When students in Year 10 (14 and 15 years old, for those unfamiliar with our education staging system) ask you whether you've seen the B...

Belated Boris Comment!

When students in Year 10 (14 and 15 years old, for those unfamiliar with our education staging system) ask you whether you've seen the Boris interview, you know that this politician is still a cut above the others.  There aren't many who could draw the interest of teenagers, but Boris is still there, making waves.  The Tories' famous politician "who reaches the parts others can't reach", yadda, yadda, yadda.

But this most recent interview was something of a disaster for him, and a success for the relaxed and humorous Labour leader Ed Miliband.  Who'd have thought - Ed just needed to sit on a sofa with Boris in order to look good.

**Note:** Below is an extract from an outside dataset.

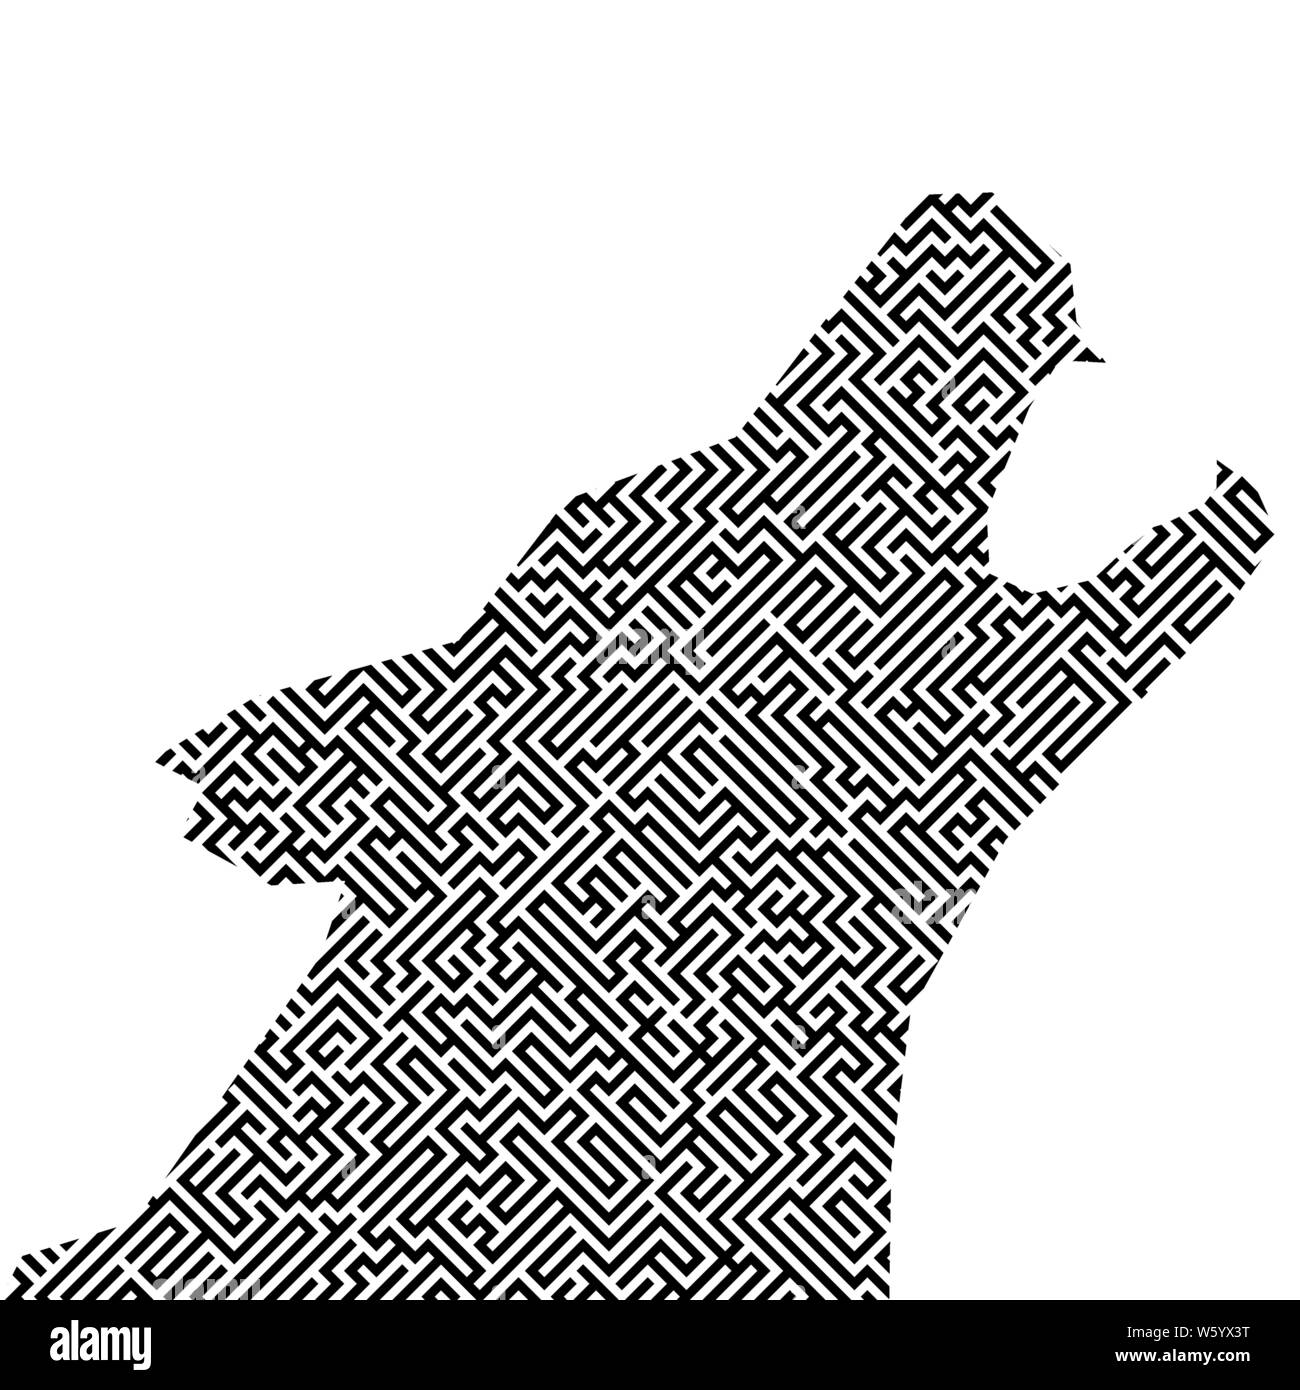 Vector Illustration. Kopf wolf Silhouette mit Labyrinth oder Irrgarten Textur. Isoliert. Stock Vektor

The virtue of Boris is that he does indeed have a wide appeal as an individual, though not one that necessarily lifts his party.  He has also suggested that his politics might actually be a little broader, One Nation based even, than the average Tory politico.  The problem of Boris is that he doesn't really do detail, or precision, or seriousness.  All of this was in evidence in the Marr interview.  Imagine if this had been a meeting of two party leaders.  There's Ed Miliband, confident of his policy detail, relaxed enough to have a few pops at Boris about his and the Tory party's strategy chief Lynton Crosby.  And there's Boris Johnson, still using bluster to get his way through an interview, looking bemused when challenged on policy detail.

Not all of the critics of Boris' interview are as clearly opposed to his politics as this pretty fair-minded piece by politics.co.uk's Adam Bienkov.  But if sympathetic critics think that Sunday's Marr interview was a bit of  a car crash, they should remember that it wasn't the first.  Boris' integrity was well and truly skewered by Eddie Mair when he stood in for Marr once.  Mair was unimpressed by Boris' joker status - something Marr consistently tries to play to - and as a result produced one of the most lethal interviews the London Mayor has done.  There's a long way to go yet before he becomes Tory leader.